The conscious mind will accept this false interaction and the person is able to withhold from expressing true feelings; but the subconscious mind does not let true emotions to be ignored.
So if the true feelings of a person are being watered down, denied, or suppressed in order to avoid confrontation, the subconscious mind will find a way to express itself –usually by taking the pain out on someone else, or with physical symptoms.
Explicit memory is information that is available to the conscious mind. The word explicit literally means “fully expressed,” with no question as to the meaning. Implicit means, “involved in the nature or essence of something, though not revealed, expressed, or developed.” 8
If child sexual abuse is not fully understood and not being expressed in any healthy way by the child, and instead, shoved aside, denied, or totally repressed by the adult who endured it… then it makes sense that the experience would settle into non-declarative memory because it has not been outwardly/consciously “declared.”
Charles Whitfield M.D. explains that normal memory is more elastic, conscious, and chosen…. but that traumatic memory is associated with things that are involuntary, rigid, and subconscious. He says that traumatic memory is most often “frozen outside of time” in the unconscious.
Whitfield says that when trauma is consciously erected for the first time since childhood, the memory can feel as if the abuse is happening for the first time. 9 Survivors might experience sounds, voices, or odors that were present when the traumatic moment happened and can re-live the same bodily positions or movements that the abuser engaged in or that the child felt at the time, and these sensations will continue until the subconscious mind is satisfied through deep hypno-analysis therapy which allows the subconscious to re-process the memories, take power over them and transform the child into a warrior, shedding the victim identity. 10
Repressed memories usually only consist of pieces of what actually occurred. However, they often hold the most important parts of how exactly the event affected the child. 11 Research suggests that when traumatic memories first emerge, they might embody an event that took place immediately before a profoundly disturbing experience.

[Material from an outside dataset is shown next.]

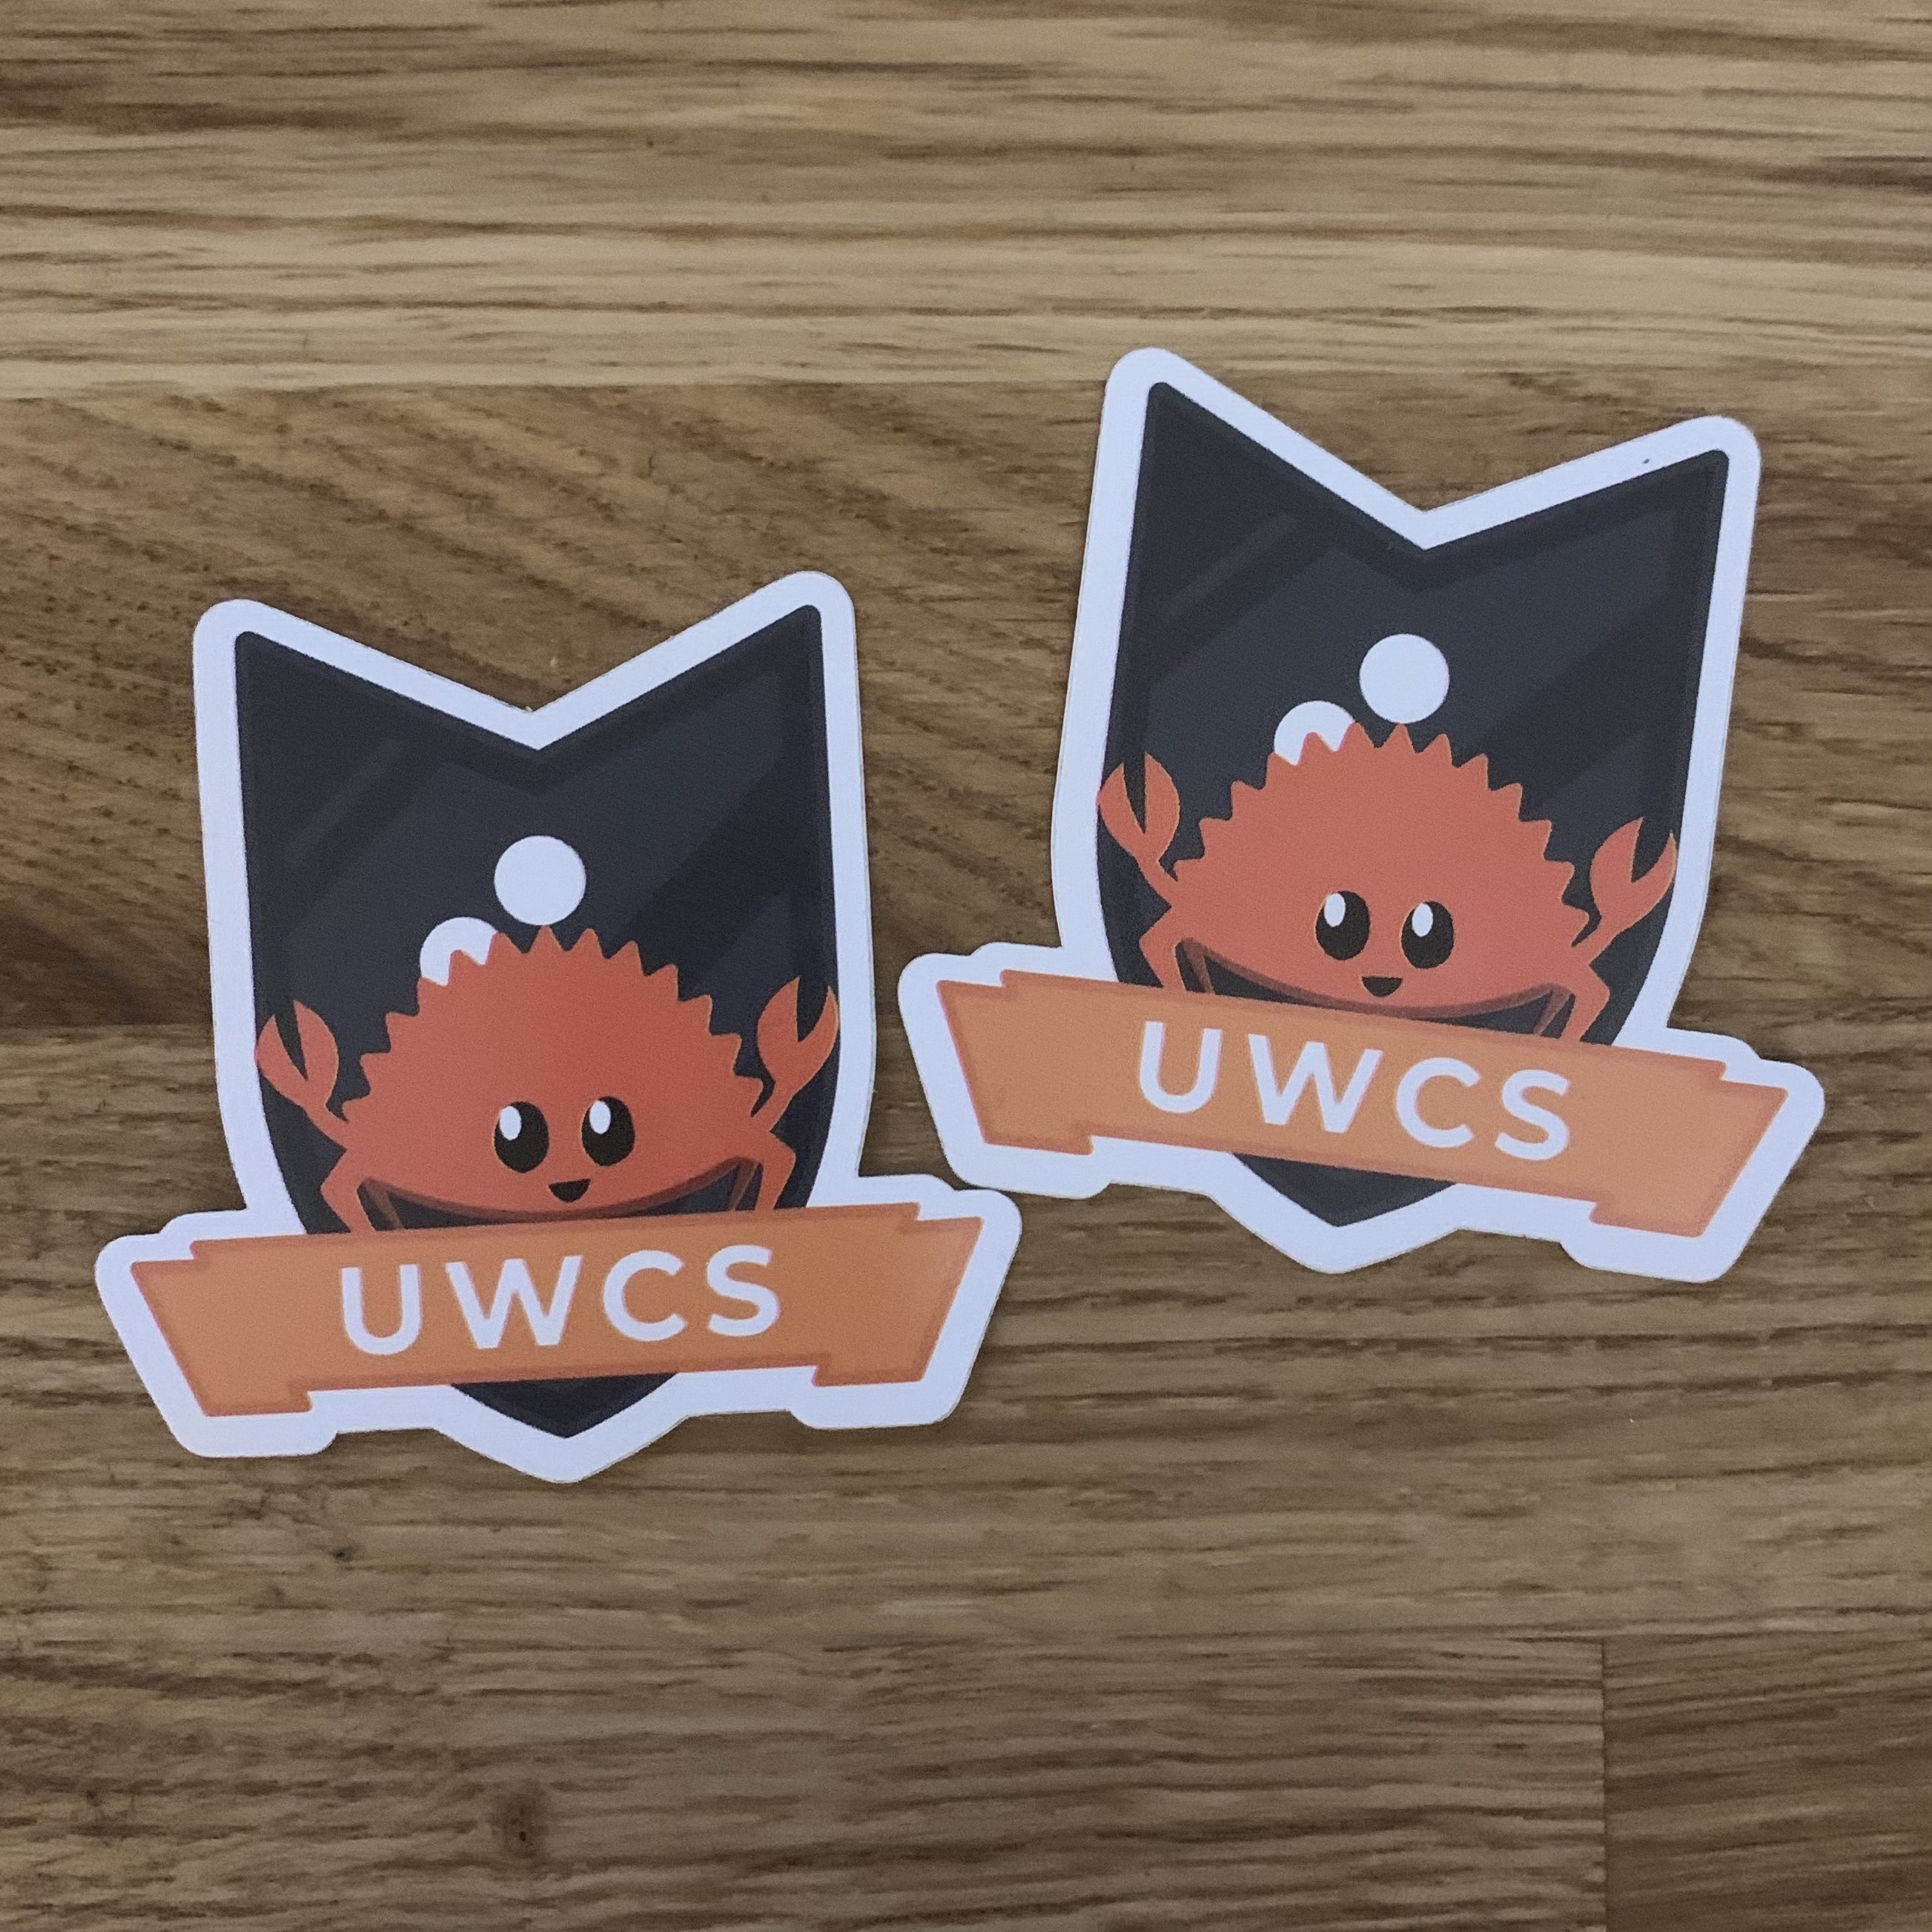 Stickers of the UWCS logo with Ferris the crab on them

When the deeply distressing, or emotionally traumatic memory finally returns, it is often much later in the psychotherapy process, at a time when the patient can handle the memories without wanting to outwardly react to them, without having a nervous breakdown, and when the patient has established firm trust with their therapist.

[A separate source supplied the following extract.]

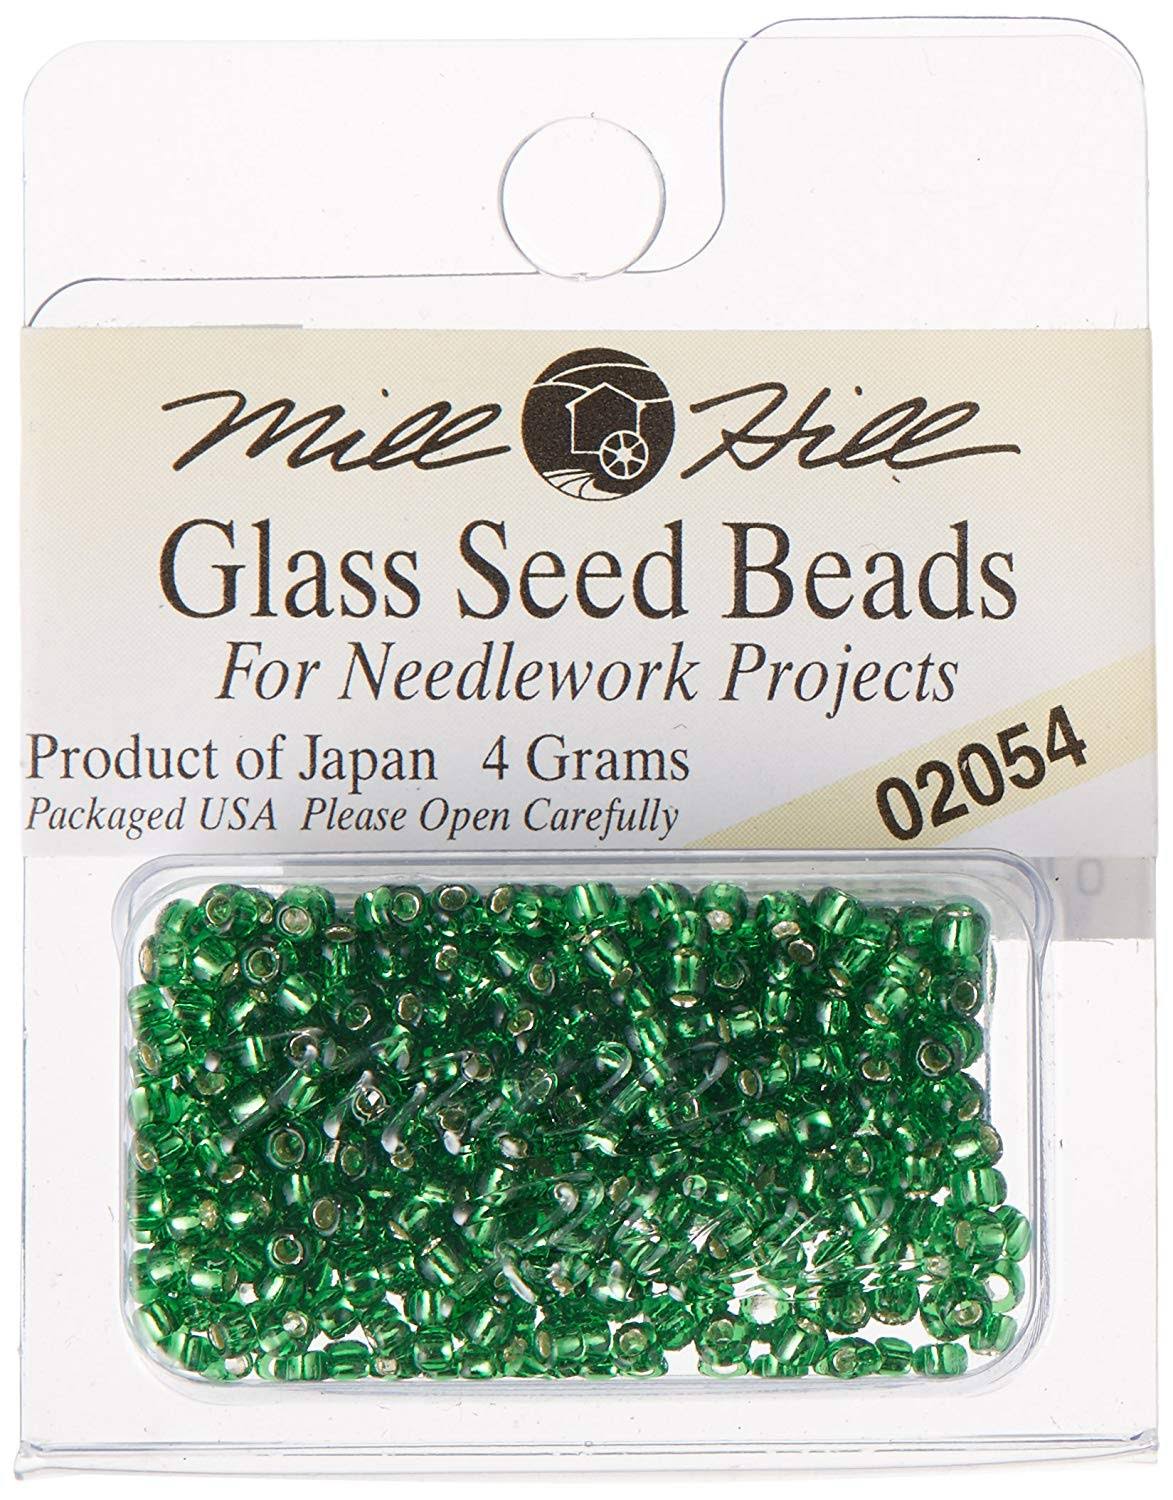 Mill Hill Glass Seed Beads 4.54g | Mill Hill | Arts & Crafts | Free Shipping On All Orders | 30 Day Money Back Guarantee | Delivery guaranteed

State dependant memory is a theory that experts use to describe the condition in which an abuse survivor finds themselves prior to the more traumatic memories returning. It is described as an altered state of consciousness comparable to the moments in which severe abuse originally took place. People have even subconsciously created a threat or experience similar to the primary trauma in order to re-create the state dependent memory.

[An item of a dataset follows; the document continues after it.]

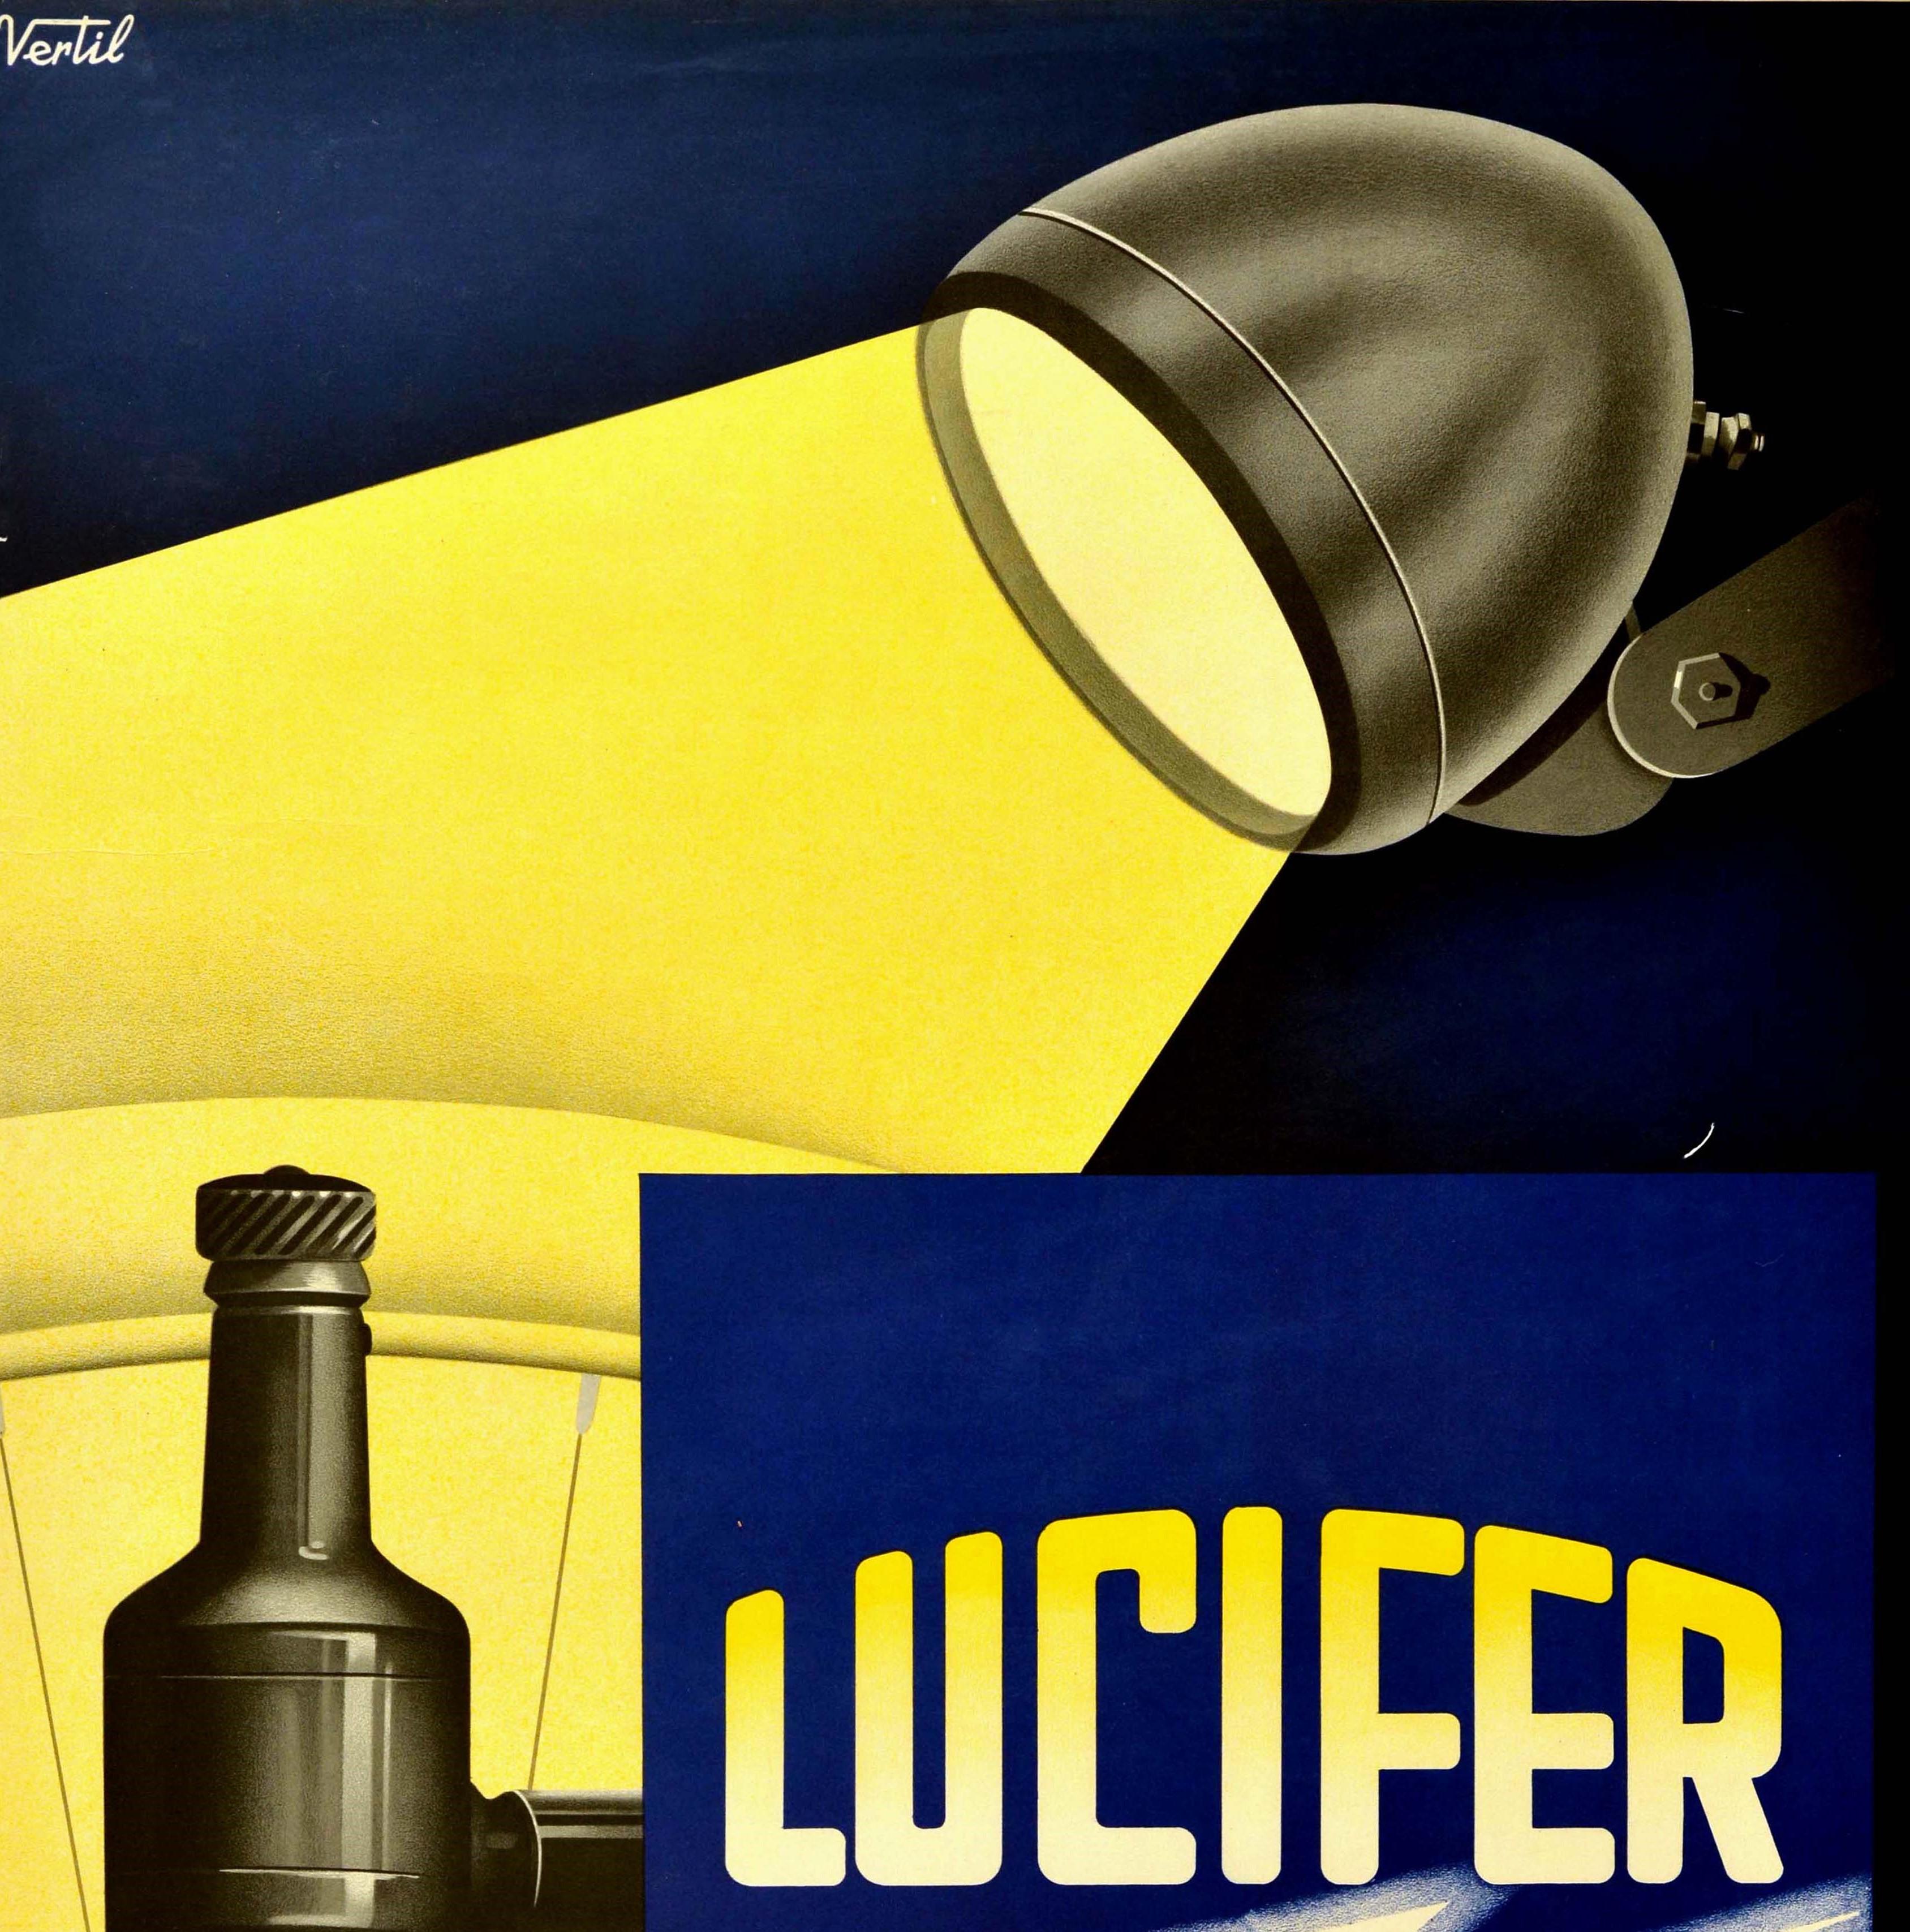 Original vintage advertising poster for Lucifer Bike Lights - Since 1910 Always in the Lead S.A. Lucifer Geneva Switzerland the Inventors of Electric Lighting for Bikes / Depuis 1910 Toujours en Tete S.A. Lucifer Geneve Suisse les Inventeurs de

Research shows that memories often return in this state-dependent way. The recall has to be cued by the same kind of stimuli that initially took place. 12
“The memories were encoded in trauma-related states of helpless terror and wordless rage and are accessible only when the patient reenters those affective states.” 13
—Treating the Adult Survivor of Childhood Sexual Abuse
In the movie, Little Girl Fly Away, which is based on a true story, Mare Winningham’s character needed to re-create the fear of what happened to her as a child by sending herself threatening letters. She wrote them and sent them to herself, but she totally dissociated from the fact that she did this. When the letters arrived in the mail, the woman became terrified. She truly believed the letters were sent to her by a threatening stalker, but she had completely blocked out that she was the person who wrote and mailed them.